Опубликовано в журнале Сибирские огни, номер 2, 2010
“СЕРОЕ УТРО”, или
ТАЙНОЕ ПОПРИЩЕ ПОЭТА
Юрий Кублановский в беседе
с русским парижанином Виталием Амурским
В московском издательстве “Время” вышел в свет новый сборник стихов лауреата Литературной премии А.Солженицына и Новой Пушкинской премии Юрия Кублановского “Перекличка”. Живущий в последние три года попеременно в России и во Франции, он согласился поделиться своими взглядами на жизнь и творчество с работающим над продолжением — новым проектом — своей книги бесед с русскими писателями во Франции “Запечатлённые голоса” Виталием Амурским. Выбор первой публикации этого материала именно в журнале “Сибирские огни” сделал сам известный поэт.
— Юрий, мы знакомы уже лет тридцать, первые встречи восходят к годам вашей бывшей эмиграции во Франции. Как многие, я с интересом, по возможности внимательно стараюсь следить за вашим поэтическим творчеством, которое всегда представлялось мне чрезвычайно интересным, глубоким и вполне независимым не только от разных мод и течений, но от крупнейших фигур русской литературной и интеллектуальной жизни последних десятилетий ХХ века, с которыми вы были по-своему близки, и которые, казалось бы, должны были так или иначе повлиять на вас — я имею в виду, прежде всего, Бродского и Солженицына.
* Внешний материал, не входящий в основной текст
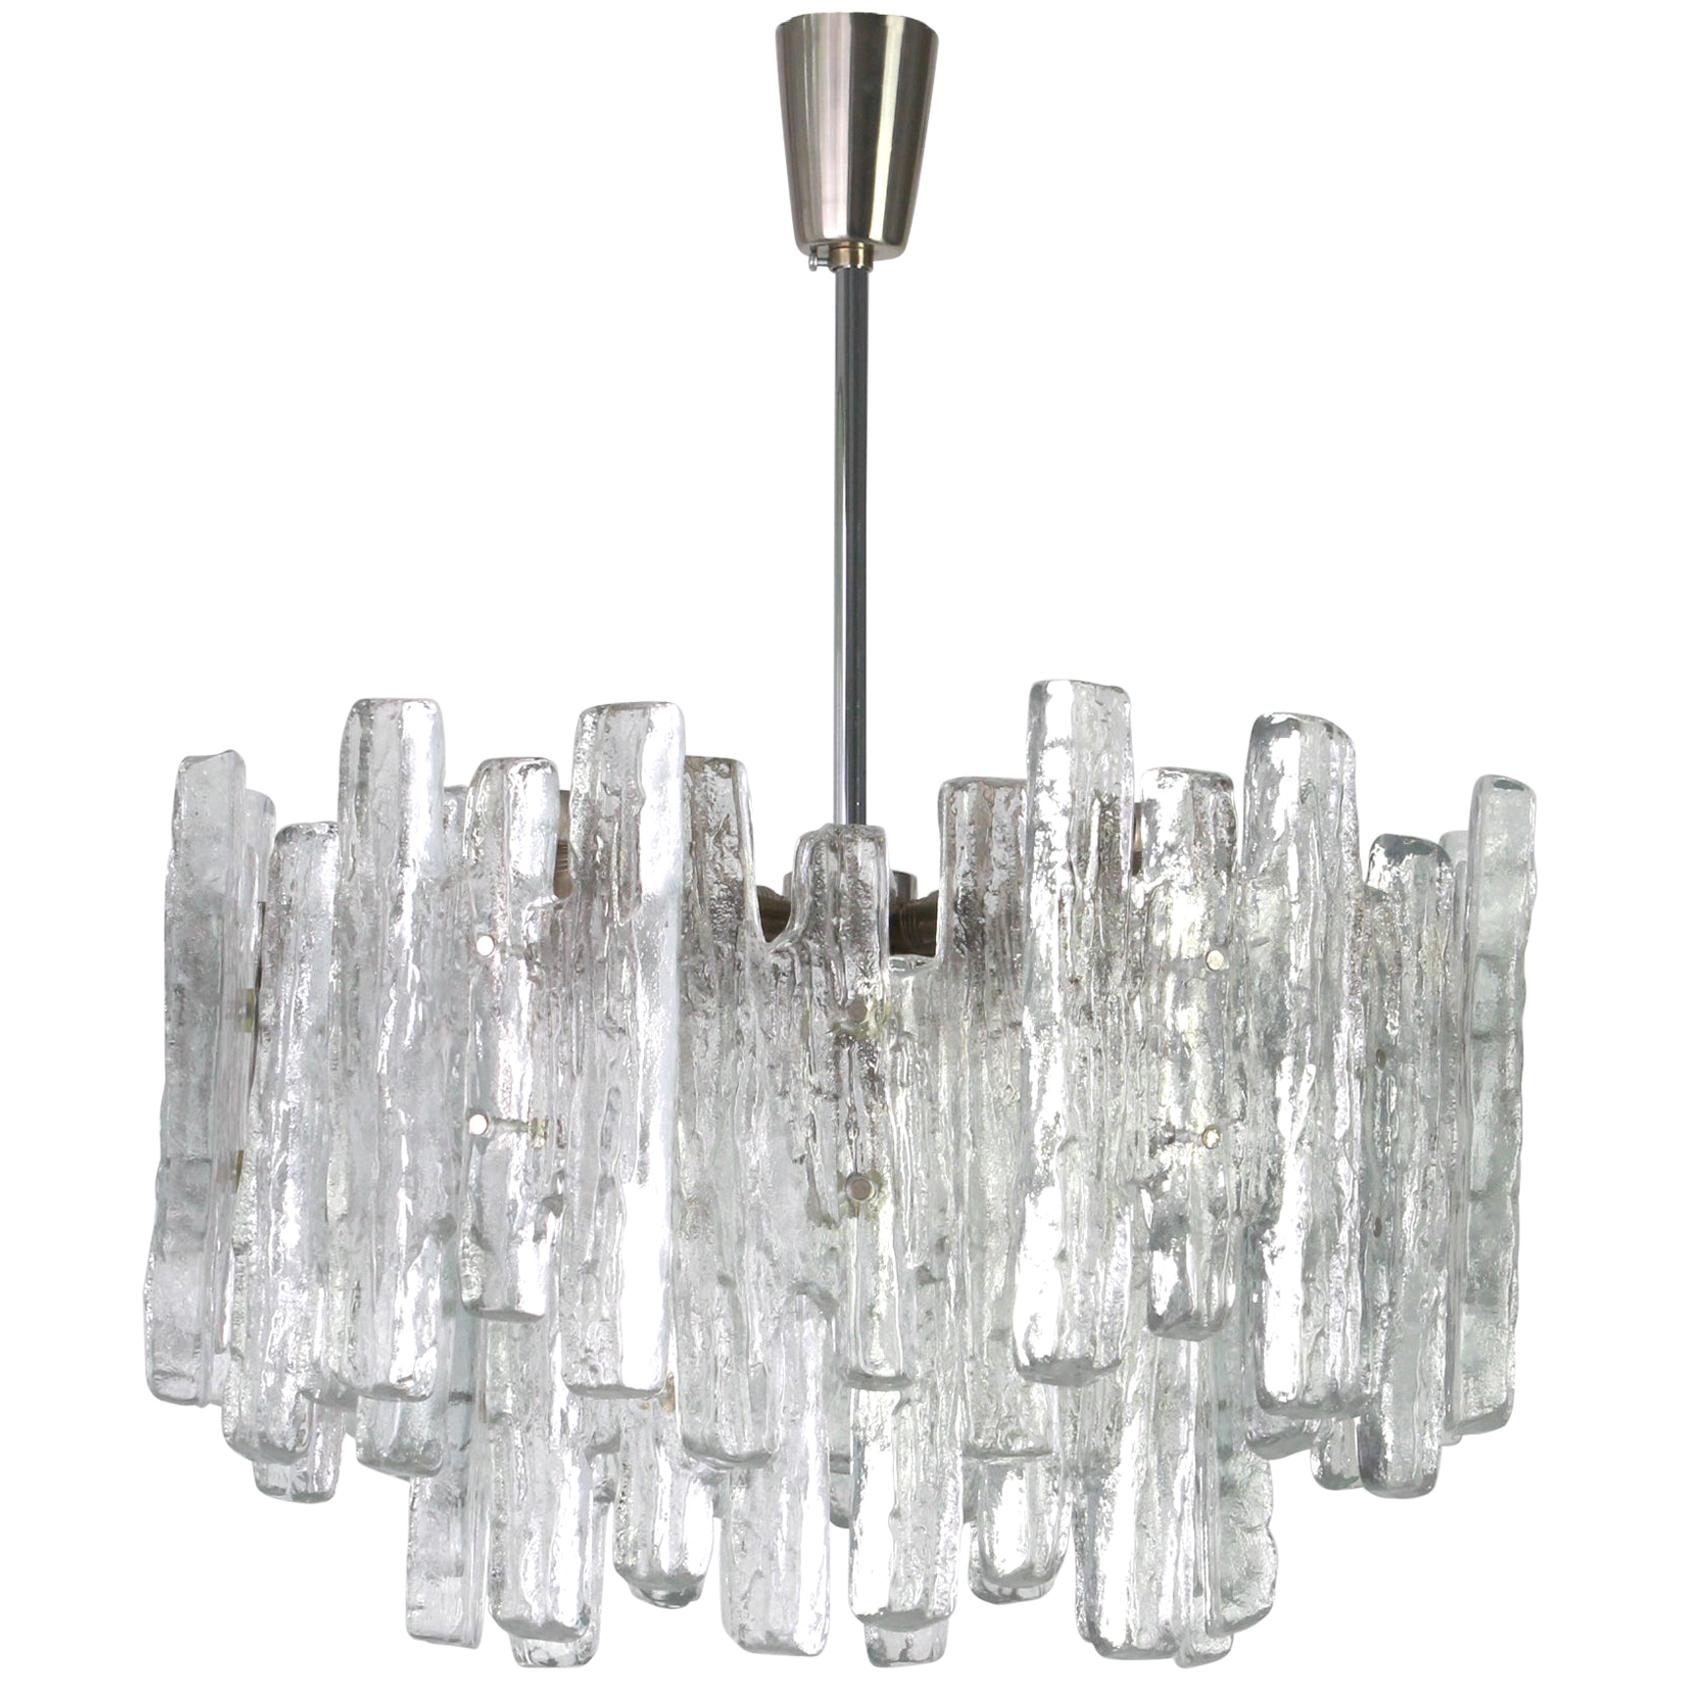 1 of 2 Large Rare Murano Ice Glass Chandelier by Kalmar, Austria, 1960s For Sale

Литература и жизнь хотя и неотделимы друг от друга, всё же имеют собственные линии. В чём они сошлись и не сошлись у вас?
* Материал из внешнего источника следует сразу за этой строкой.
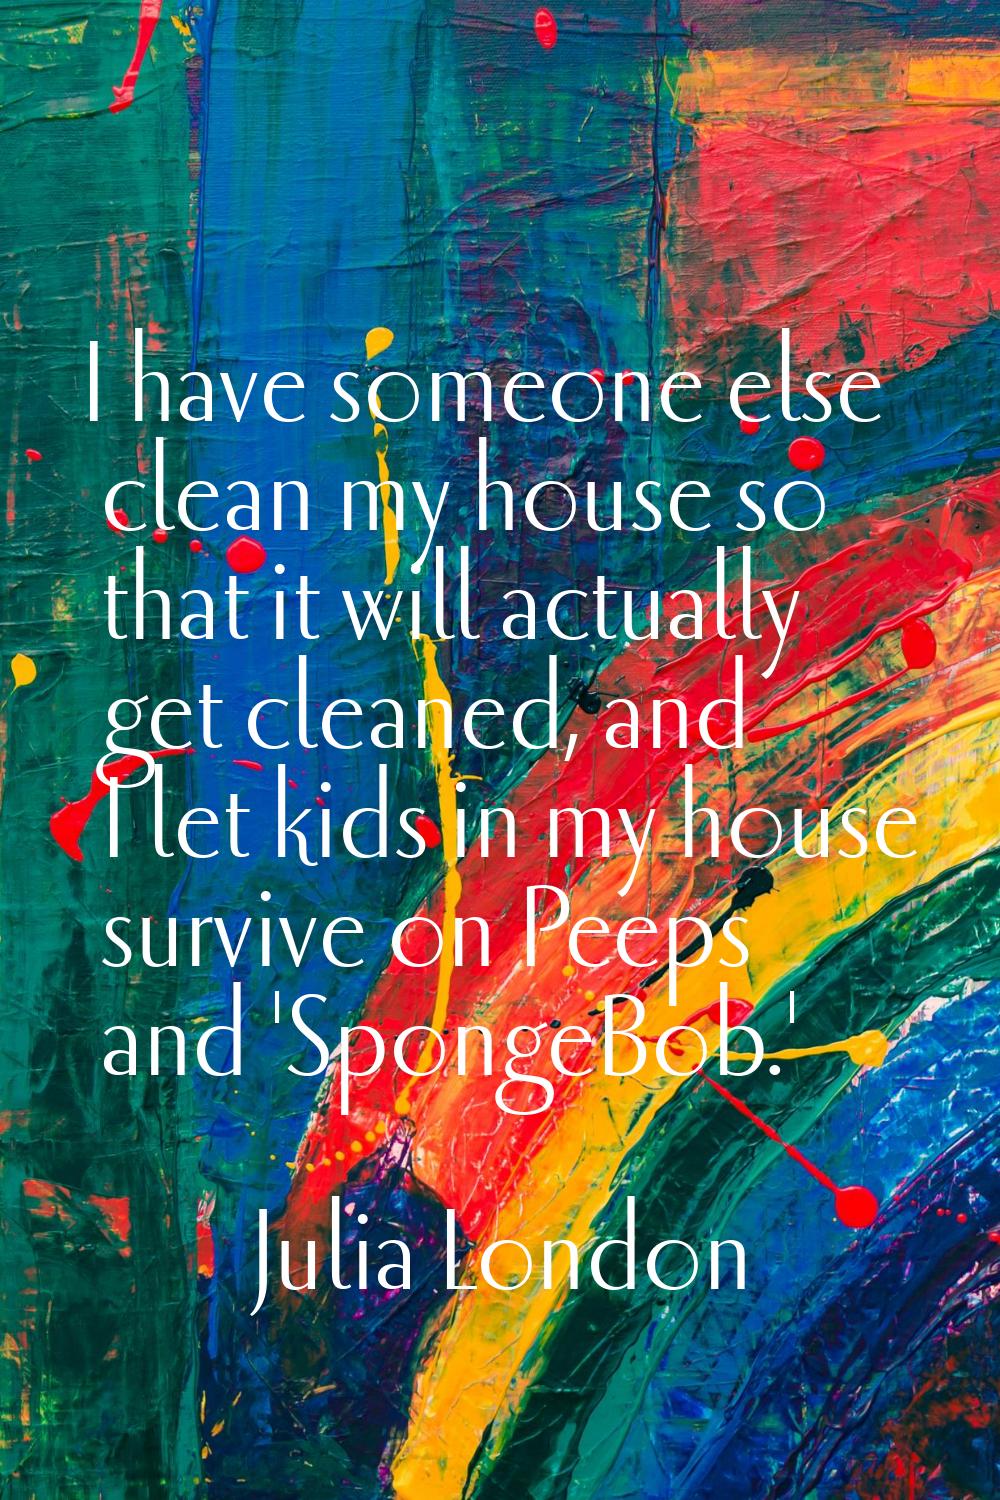 I have someone else clean my house so that it will actually get cleaned, and I let kids in my house

— Разумеется, мне самому об этом трудно (а, главное, и не нужно) судить. Если поэт всё про себя знает — ему уже нечего делать на литературном поприще, имеющем свою тайну. Профессионализм поэтического ремесла — это да, это необходимо. Но вычислять, где творческое, а где будничное существование (“жизнь”) — нелепо. Вы можете, конечно, сослаться на знаменитое стихотворение Пушкина, резко разделяющее человеческое и поэтическое, но оно, пожалуй что, о другом, о смирении: поэт должен ясно понимать, что его деятельность отнюдь не алиби от “ничтожности” и не заноситься, не строить из себя сверхчеловека.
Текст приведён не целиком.